With single-sample data files, you can save time by ingesting the raw counts and the pre-normalised values at the same time.

The single-sample endpoint even supports column headers mappings, allowing you to flexibly ingest files that don't share header names.

Data model and flow

In order to ingest and query data into Takuan, you must follow these steps:

Create an experiment, in which we will later ingest gene expression data
1. POST /experiment
2. JSON body describing the experiment, where
  1. experiment_result_id is a unique identifier for the experiment
  2. assembly_id is the assembly accession ID used in the experiment
  3. assembly_name is the genome assembly name used in the experiment
  4. extra_properties is a JSON object where you can place additional meta data
Ingest an RCM into the experiment you created
1. POST /experiment/{experiment_result_id}/ingest
  1. Where experiment_result_id must correspond to an existing experiment ID in Takuan
  2. A valid RCM file must be in the request's body as rcm_file
2. During the ingestion, Takuan creates a gene_expression row for every pair of sample-gene
OR ingest single-sample data
1. POST /experiment/{experiment_result_id}/ingest/single
  1. Where experiment_result_id must correspond to an existing experiment ID in Takuan
  2. A valid TSV/CSV file in the request body as data
2. During the ingestion, Takuan creates a gene_expression row for every expression row in the file
The gene_expression table now contains rows with the raw_count column filled
(Optional) Normalized counts can be computed on demand and stored in the database
1. POST /normalize/{experiment_result_id}/{method}
  1. experiment_result_id is the ID of an experiment with raw gene expressions
  2. method is the normalization method to use (TPM, TMM or GETMM)
  3. TPM and GETMM both require that you include a gene_lengths CSV file in the body
2. Normalized values are added in the appropriate column of gene_expression
Query the experiments and gene expressions in your DB!
1. POST /expressions to get expression data results
  1. JSON request body for filtering results and pagination
2. POST experiment/{experiment_result_id}/samples to get the sample IDs for an experiment
3. POST experiment/{experiment_result_id}/features to get the gene IDs for an experiment

Synthetic data

Valid synthetic transcriptomics data can be produced for Takuan.

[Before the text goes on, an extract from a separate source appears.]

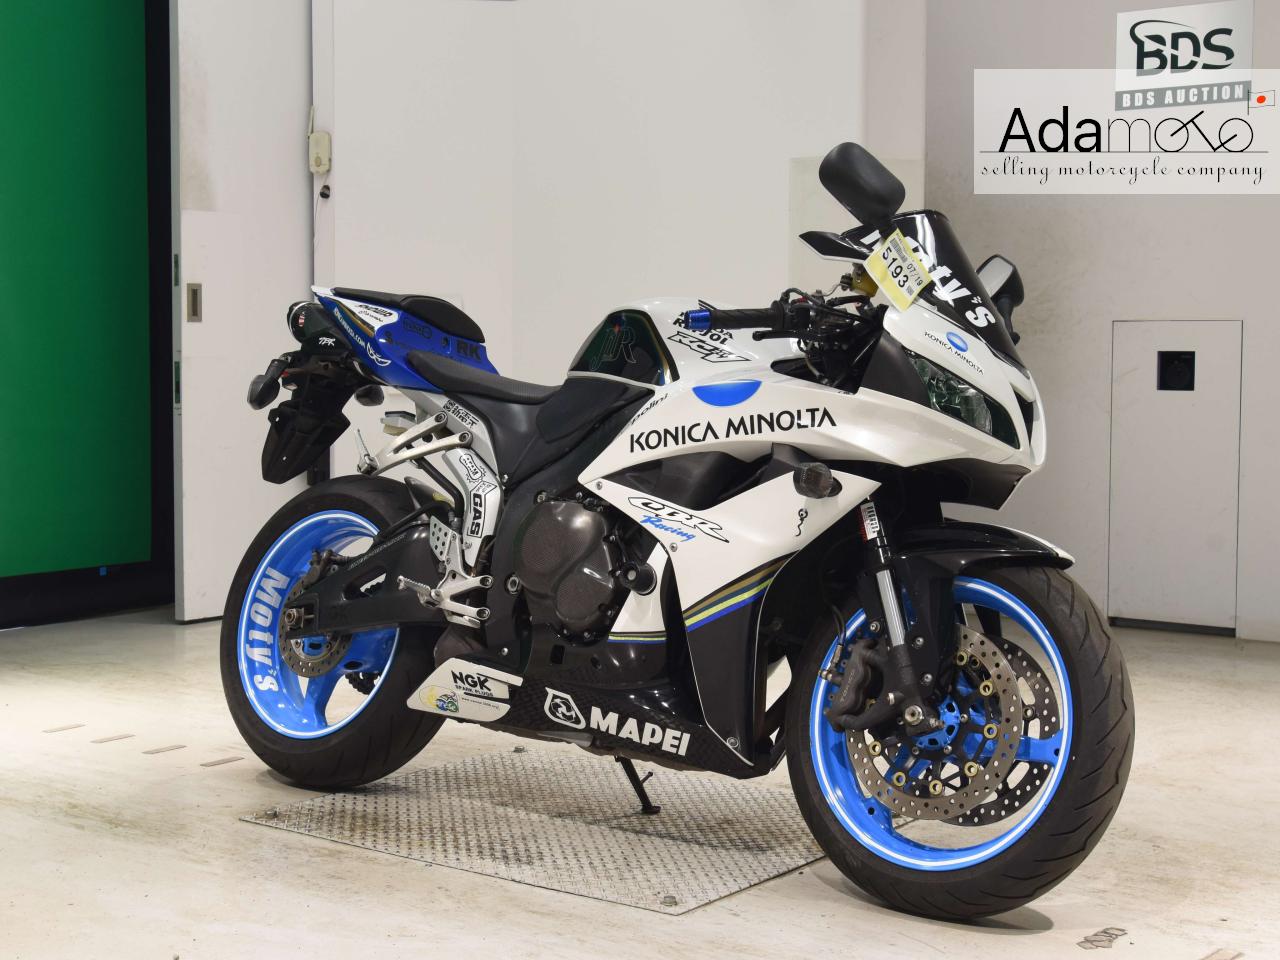 Honda CBR600RR 3 - Adamoto - Motorcycles from Japan

To do so, please follow the steps detailled in the Bento Demo Dataset repository.

After following the instructions, 4 relevant files are produced for Takuan:

counts_matrix_group_1.csv
counts_matrix_group_2.csv
counts_matrix_group_3.csv
gene_lengths.csv

The count matrices can be ingested into Takuan as is. The gene lengths file can be used as is to normalize ingested expressions.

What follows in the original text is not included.